India is actually very materialistic
Have you noticed? I mean… in what universe is a culture such as ours spiritual? We kill our children’s artistic instincts so they may become better employees, tell them their love lives will damage their family’s standing in the community, force them into marriages they often don’t want, and pressurise them into becoming parents regardless of their readiness for that mammoth undertaking. We kill newborn girls because we think — I don’t know how else to put it — they cost money and aren’t useful. We bring boys up to hate women.
There is no spirituality here. This template of life is something many of us simply drop into because of the gravitational pull that our culture exerts upon us. And it has as much to do with matters of the spirit as horses have to do with indoor plumbing.
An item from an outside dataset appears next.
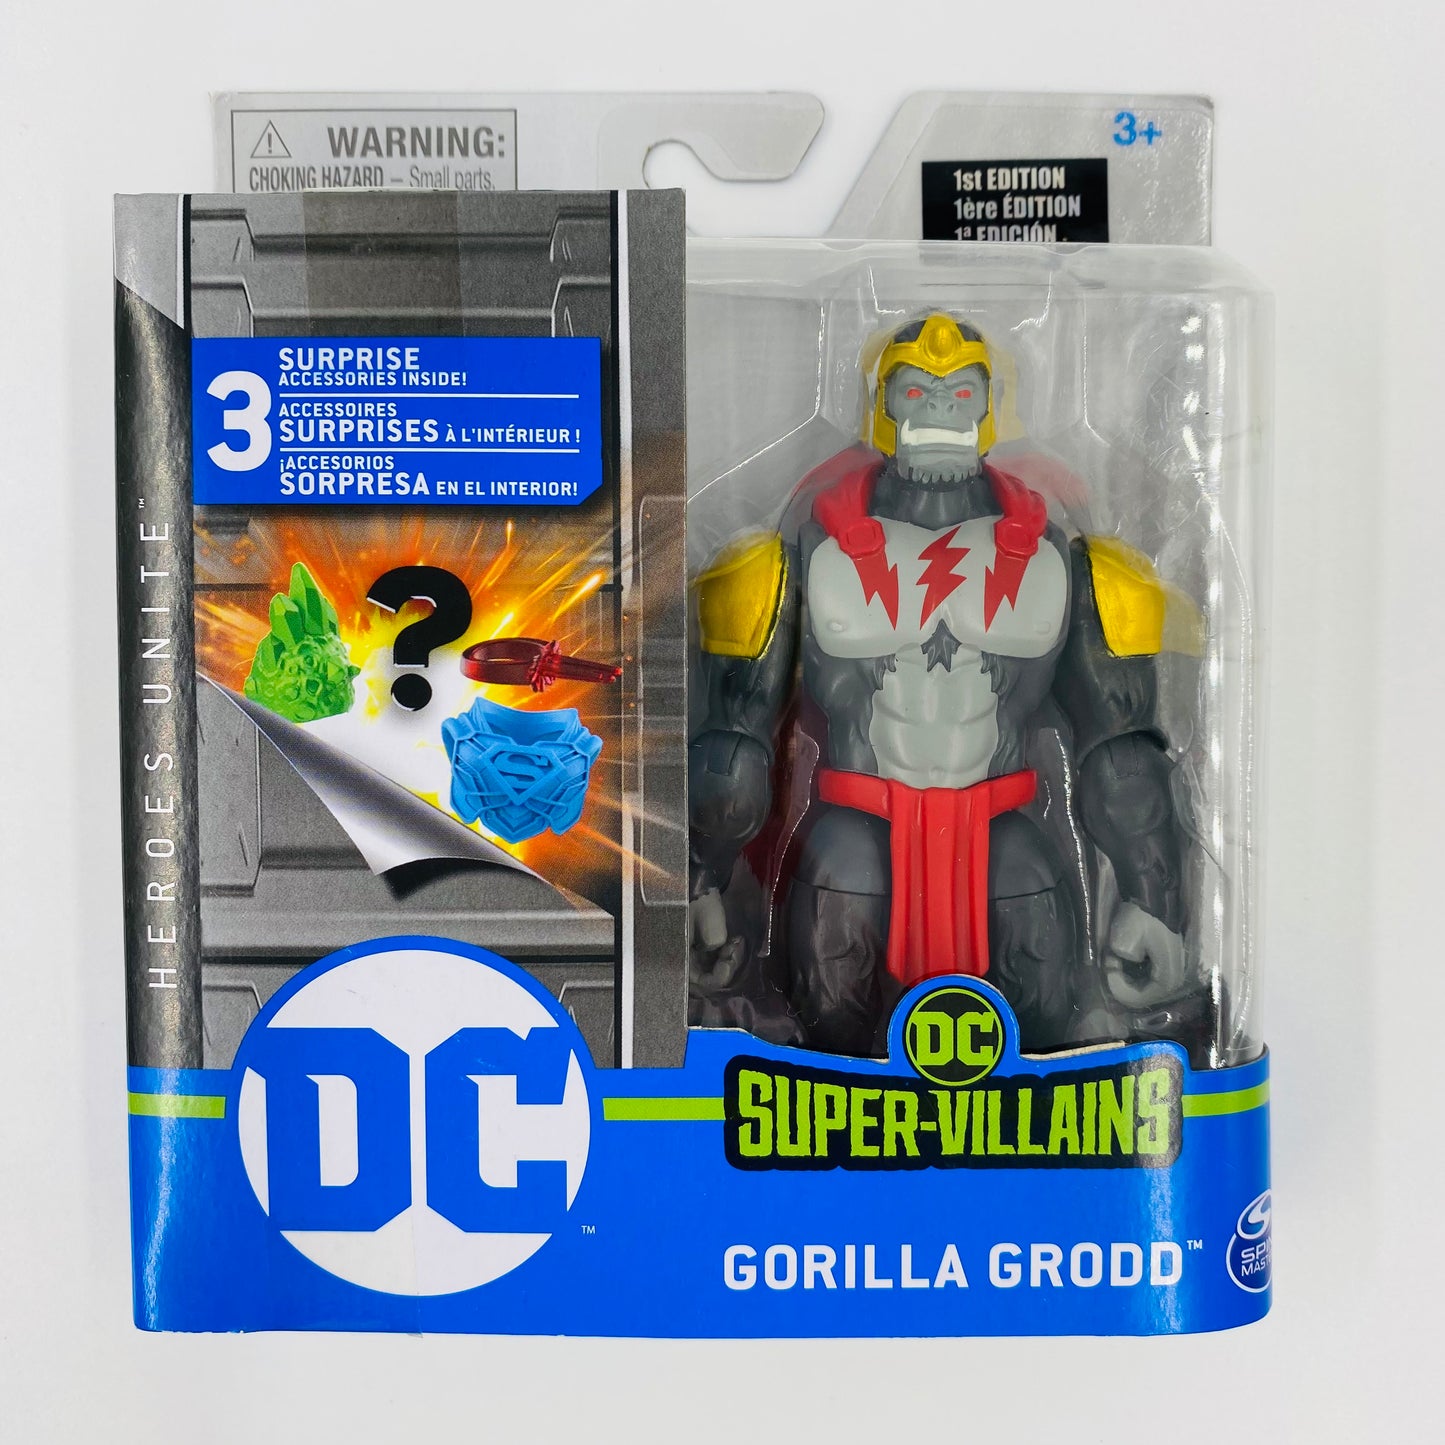 DC Heroes Unite DC Super Villains Gorilla Grodd carded 4” action figure (2020) Spin Master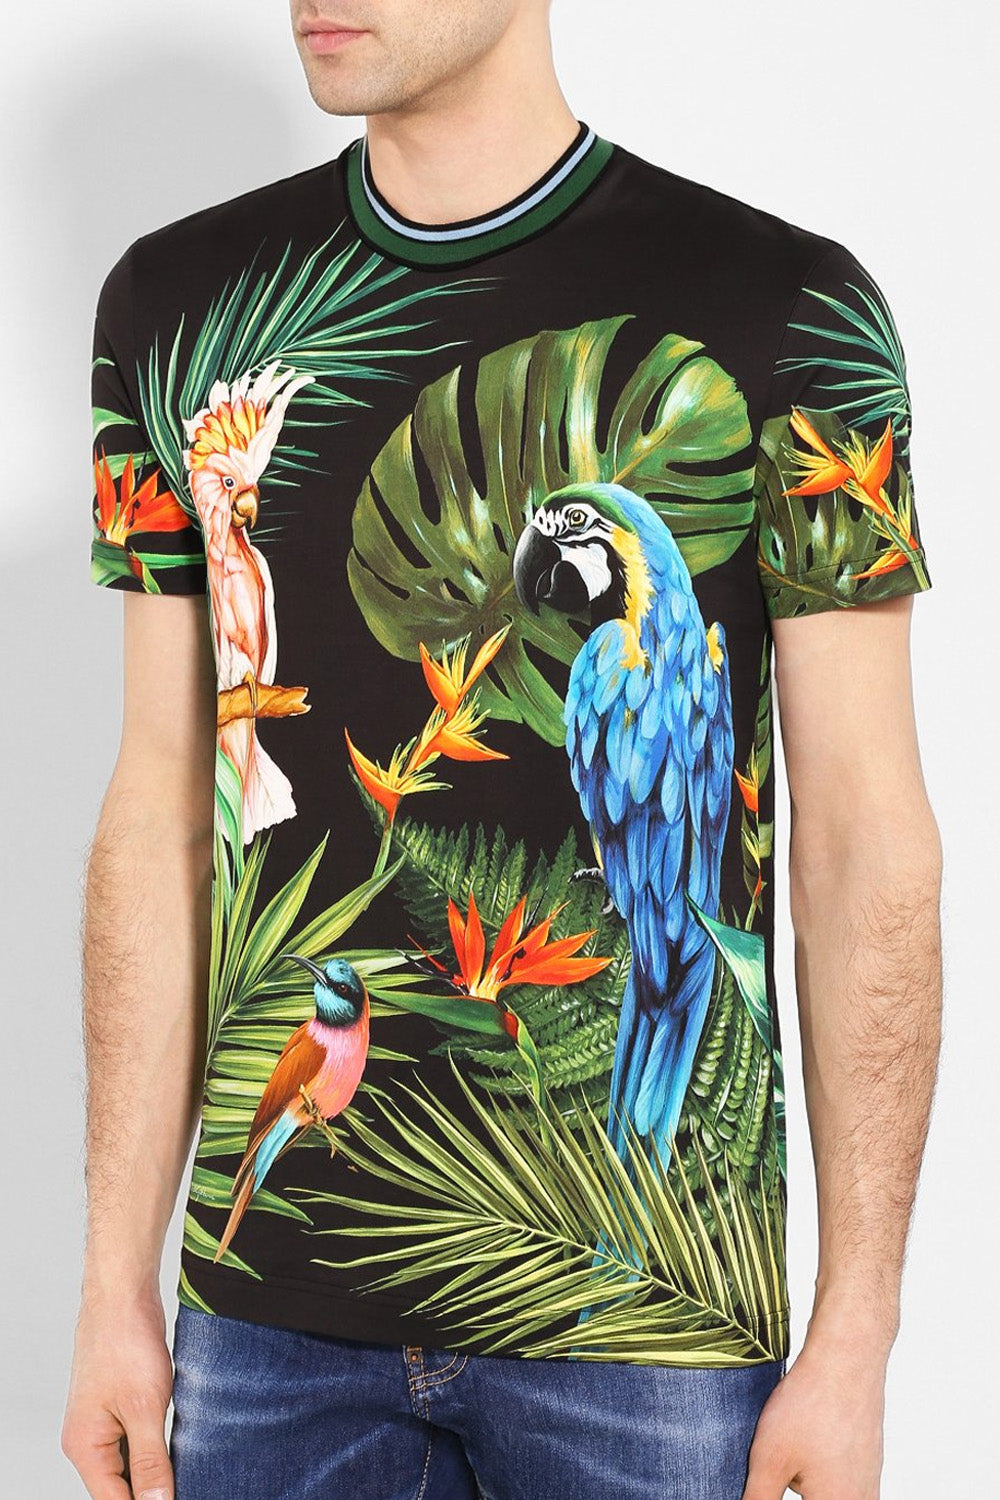 Dolce & Gabbana T-Shirt All Over Print Pattern

Every culture has expectations from the individuals that form it. Ours is no different. Our young people may not have to leave home and make something of themselves by a certain age, but they do have to marry a suitable match decided by their parents when they are a certain age. Our young men, much like young men in the West, have to behave like assholes just to have their masculinity acknowledged. Of course, we compensate for this by telling women that they are “goddesses” and by defining that word in very specific ways. We effectively mask our materialism with pretensions of spirituality.
The case for a spiritual West
Let’s face it. Nobody knows what “spirituality” means. And we don’t even care what it means. People use the word ‘spiritual’ in any context anywhere in order to justify anything they want (like the presently flexible “anti-national”). It’s one of those one-size-fits-all solutions that gets used to describe everything that feels good — a beach, a hill, a cup of coffee, a walk, a new iPhone, a meal, a place… the list can contain anything. It is highly subjective.
For example, consider the list of things that at least I definitely do not consider spiritual. It includes crowded places, lack of hygiene, loud noises etc. Yet, these are pretty much defining qualities of every temple I have ever been to. The more popular (sacred?) the temple, the more these qualities are in evidence.
So the word “spiritual” does not have any real meaning. If something makes you happy and satisfies an emotional need, the word can be applied.
Now ask why many people in small-town India want to visit America? What does it represent to them? What is it about being “phoren-returned” that elevates a person’s social standing among his neighbours and relatives? Mind, I am referring specifically to small-town / middle-class India and not to the other kind of Indian — the one percenter who makes weekend trips to Europe because he wouldn’t be able to handle Monday blues if he didn’t. That’s a different species of Indian altogether.
The aspect of a foreign trip that holds the most import for a small-town Indian is freedom — freedom from family, society, culture… all that. Freedom to be able to walk among a people that don’t know you and therefore perhaps may not judge you according to the standards that you have come to dread because life in the house next to the Sharmas is often meaningless and suffocating. Freedom from the race that is run on the track that is the small town.
Before someone jumps down my throat with their nuclear family and their “modern” sensibilities, let me reassert that my claim is not at all that the West is spiritual any more than my claim is that the East is material. What I am trying to get to is that the “spiritual” label that has been slapped on our collective foreheads is a limiting influence. It’s a limiting influence because not only does it trap India into an unforgiving shell, it also keeps us from thinking of the rest of the world as anything resembling spiritual. We become, in our own eyes, the very culmination of culture, religion, and all things sacred. My point was that we need to be able to see ourselves as different things.
Societies have priorities. Our priority has been an ambiguous kind of “spirituality” for some time now. But it doesn’t have to be.